Task statement - For each line below that contains the string "vector", copy that line.

↓↓↓

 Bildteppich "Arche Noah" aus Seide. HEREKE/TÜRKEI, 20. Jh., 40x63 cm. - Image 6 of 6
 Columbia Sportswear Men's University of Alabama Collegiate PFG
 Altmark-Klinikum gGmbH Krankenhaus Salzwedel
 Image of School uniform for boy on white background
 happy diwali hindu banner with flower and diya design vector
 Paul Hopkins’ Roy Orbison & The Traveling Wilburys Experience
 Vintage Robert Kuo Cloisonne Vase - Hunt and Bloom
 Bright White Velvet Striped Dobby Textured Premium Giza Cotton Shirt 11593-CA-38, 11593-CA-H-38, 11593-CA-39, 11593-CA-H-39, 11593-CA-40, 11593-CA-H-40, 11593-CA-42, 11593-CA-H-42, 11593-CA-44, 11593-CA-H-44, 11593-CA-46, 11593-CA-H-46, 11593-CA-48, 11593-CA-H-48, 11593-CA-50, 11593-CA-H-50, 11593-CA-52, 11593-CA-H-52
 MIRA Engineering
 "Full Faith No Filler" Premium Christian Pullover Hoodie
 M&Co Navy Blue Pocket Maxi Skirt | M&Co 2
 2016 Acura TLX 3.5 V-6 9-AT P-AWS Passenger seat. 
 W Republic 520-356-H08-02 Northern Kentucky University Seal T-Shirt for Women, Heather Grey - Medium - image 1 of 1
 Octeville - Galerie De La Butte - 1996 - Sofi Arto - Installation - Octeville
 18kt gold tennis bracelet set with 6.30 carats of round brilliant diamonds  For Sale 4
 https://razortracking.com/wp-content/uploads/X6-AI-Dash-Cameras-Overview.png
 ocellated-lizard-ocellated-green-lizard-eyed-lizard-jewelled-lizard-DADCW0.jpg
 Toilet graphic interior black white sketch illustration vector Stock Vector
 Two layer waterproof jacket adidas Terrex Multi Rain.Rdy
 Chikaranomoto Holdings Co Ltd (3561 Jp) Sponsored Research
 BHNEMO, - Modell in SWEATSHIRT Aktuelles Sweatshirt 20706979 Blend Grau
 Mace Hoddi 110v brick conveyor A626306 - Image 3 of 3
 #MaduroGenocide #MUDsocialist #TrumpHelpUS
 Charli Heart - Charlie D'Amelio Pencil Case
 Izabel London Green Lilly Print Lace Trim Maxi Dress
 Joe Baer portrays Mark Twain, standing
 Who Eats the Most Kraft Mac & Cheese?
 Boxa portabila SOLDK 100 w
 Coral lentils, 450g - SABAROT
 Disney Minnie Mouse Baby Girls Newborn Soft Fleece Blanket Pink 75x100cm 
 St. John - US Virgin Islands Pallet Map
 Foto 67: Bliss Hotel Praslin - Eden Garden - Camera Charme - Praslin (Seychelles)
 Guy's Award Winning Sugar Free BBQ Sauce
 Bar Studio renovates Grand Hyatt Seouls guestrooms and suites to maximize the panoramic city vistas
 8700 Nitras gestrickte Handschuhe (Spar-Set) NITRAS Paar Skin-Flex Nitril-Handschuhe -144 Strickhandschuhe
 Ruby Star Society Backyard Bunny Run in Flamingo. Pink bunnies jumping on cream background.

↑↑↑

Problem solution -
 happy diwali hindu banner with flower and diya design vector
 Toilet graphic interior black white sketch illustration vector Stock Vector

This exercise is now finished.